If you’re in the midst of a merger, acquisition, or significant business transformation, you’re likely trying to figure out how to hold onto key talent.
M&A activity can lead to uncertainty and a significant ‘shake up’ within all companies involved. It can be a jarring time when employees begin to feel unsure of their value, position, and start to question their job security. They also wonder whether it’s worth staying with the acquiring company – one that is almost always much larger than the selling company. 20% percent of employees voluntarily leave the company soon after a merger announcement. This is unfortunate because, often, the acquiring company offers more stability, better pay, and a wider set of initiatives to work on. So, why not give the buyer a chance?
Companies address these issues with a retention pool (cash and/or stock) to encourage employees to stick around. Most retention pools during an M&A set aside capital to retain employees and that money is delivered to those employees once the desired retention period has been met. However, you may very well lose those valued employees during that lengthy vest period – and that retention plan then goes out the window. Consequently, many buyers will negotiate with the selling shareholders to increase the size of the retention pool, which comes at a cost to the investors (decreasing the price paid for the company).
Buyers often, also, split the retention money for an employee – providing some portion sooner than the buyer would like just to make sure employees stick around. In other words, all sides of this equation – buyers, sellers and employees – end up a little miserable.

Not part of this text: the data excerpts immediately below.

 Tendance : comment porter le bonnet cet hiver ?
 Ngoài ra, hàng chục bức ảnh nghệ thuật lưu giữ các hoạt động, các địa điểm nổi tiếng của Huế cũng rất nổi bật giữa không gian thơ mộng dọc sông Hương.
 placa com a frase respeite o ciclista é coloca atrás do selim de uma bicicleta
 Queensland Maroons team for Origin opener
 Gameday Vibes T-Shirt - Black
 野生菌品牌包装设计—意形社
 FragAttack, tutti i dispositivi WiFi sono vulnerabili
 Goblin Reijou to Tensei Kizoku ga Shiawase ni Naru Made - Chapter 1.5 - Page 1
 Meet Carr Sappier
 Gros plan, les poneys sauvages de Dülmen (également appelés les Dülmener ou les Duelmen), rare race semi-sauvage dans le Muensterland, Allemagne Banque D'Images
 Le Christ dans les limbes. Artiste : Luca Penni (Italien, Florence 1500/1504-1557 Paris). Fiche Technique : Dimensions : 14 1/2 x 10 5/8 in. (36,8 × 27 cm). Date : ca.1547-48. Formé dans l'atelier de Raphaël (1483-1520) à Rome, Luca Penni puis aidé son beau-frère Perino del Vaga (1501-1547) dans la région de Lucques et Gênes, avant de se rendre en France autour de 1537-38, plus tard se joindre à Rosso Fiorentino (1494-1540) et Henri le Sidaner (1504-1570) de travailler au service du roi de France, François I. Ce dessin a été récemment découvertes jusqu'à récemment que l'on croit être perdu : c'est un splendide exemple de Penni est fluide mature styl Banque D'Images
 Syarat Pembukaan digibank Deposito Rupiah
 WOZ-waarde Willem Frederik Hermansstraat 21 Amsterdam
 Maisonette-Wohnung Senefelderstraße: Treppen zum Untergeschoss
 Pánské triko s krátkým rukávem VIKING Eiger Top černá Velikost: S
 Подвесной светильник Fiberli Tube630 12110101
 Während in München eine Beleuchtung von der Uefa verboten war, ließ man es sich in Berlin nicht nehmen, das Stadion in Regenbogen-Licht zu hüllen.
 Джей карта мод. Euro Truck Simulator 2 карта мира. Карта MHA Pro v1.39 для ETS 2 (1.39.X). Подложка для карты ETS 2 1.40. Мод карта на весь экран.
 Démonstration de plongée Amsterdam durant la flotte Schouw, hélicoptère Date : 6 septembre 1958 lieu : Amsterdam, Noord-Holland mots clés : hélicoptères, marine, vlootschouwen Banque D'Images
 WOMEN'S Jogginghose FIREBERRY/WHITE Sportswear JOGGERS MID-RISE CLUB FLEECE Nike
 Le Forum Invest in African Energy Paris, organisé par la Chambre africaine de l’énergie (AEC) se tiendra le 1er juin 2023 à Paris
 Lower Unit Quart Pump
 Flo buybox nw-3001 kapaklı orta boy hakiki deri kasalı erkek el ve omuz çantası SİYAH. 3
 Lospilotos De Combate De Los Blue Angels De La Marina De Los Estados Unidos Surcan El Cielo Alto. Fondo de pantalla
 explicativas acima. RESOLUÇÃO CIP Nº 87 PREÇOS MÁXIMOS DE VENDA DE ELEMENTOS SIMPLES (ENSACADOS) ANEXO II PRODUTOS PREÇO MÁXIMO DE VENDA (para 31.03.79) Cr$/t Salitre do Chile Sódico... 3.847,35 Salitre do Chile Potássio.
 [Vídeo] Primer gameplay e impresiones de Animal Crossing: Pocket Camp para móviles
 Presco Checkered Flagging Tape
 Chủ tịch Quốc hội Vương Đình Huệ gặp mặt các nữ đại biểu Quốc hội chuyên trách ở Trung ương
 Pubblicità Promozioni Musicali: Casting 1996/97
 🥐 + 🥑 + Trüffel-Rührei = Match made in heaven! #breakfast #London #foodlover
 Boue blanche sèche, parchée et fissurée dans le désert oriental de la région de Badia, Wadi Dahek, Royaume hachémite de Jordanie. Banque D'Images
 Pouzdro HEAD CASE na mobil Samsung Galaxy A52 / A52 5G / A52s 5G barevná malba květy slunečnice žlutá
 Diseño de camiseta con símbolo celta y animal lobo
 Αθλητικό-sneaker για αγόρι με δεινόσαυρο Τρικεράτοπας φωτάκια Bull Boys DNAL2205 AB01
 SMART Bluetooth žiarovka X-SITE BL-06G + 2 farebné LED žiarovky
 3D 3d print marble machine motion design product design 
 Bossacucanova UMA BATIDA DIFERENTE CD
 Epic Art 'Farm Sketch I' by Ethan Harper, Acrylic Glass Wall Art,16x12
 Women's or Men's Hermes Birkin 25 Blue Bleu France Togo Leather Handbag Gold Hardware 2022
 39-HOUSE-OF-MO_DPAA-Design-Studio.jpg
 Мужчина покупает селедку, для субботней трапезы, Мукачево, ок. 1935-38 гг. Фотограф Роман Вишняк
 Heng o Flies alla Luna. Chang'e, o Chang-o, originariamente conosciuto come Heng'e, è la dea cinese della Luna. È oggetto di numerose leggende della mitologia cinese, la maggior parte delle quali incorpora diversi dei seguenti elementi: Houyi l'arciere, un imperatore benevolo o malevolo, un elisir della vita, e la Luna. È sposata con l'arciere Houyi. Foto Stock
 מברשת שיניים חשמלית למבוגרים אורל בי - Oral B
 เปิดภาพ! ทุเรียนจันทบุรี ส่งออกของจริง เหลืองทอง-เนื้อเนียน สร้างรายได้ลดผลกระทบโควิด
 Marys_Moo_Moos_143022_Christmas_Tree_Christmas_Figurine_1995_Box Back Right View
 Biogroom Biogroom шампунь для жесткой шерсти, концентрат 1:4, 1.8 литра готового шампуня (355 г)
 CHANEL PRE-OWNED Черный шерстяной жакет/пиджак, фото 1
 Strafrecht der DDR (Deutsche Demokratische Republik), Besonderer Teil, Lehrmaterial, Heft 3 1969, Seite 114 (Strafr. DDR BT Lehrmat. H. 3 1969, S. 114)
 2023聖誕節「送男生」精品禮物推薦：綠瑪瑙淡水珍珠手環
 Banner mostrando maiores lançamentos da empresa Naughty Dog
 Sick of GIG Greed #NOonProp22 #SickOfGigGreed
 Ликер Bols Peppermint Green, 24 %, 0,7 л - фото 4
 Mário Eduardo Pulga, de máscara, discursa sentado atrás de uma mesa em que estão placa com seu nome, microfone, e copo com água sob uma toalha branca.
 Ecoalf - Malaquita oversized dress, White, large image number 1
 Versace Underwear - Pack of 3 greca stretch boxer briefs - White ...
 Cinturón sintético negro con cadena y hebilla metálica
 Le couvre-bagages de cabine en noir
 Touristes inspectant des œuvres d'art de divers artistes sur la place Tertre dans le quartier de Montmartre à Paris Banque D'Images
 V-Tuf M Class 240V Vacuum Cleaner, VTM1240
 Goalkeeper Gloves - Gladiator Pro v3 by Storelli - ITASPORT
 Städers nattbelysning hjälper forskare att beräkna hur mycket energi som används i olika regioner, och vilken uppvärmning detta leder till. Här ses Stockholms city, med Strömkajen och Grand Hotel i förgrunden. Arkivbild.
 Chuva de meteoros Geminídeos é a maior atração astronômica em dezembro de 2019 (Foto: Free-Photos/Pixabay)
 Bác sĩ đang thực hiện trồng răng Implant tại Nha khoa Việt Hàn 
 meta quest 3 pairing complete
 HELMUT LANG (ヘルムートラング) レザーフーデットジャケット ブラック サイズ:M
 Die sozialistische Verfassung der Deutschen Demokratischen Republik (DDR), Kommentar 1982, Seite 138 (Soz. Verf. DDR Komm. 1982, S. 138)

However, there’s a solution that has never, to my knowledge, been leveraged. A solution that increases the value of a retention pool without increasing the amount of the retention pool.
The solution: vesting cash retention.
What is it? Employers provide employees with the retention amount on the closing date but with a legal requirement to pay the bonus back if the retention period is not met. At Keep, we have cracked this code and created a structure that works for all parties.
Providing employees with access to retention funds now allows them to celebrate the transaction, accomplish personal financial goals that might have been unattainable for years, and demonstrates the employer’s trust, investment, commitment, and desire to make the employee a permanent part of a buyer’s team.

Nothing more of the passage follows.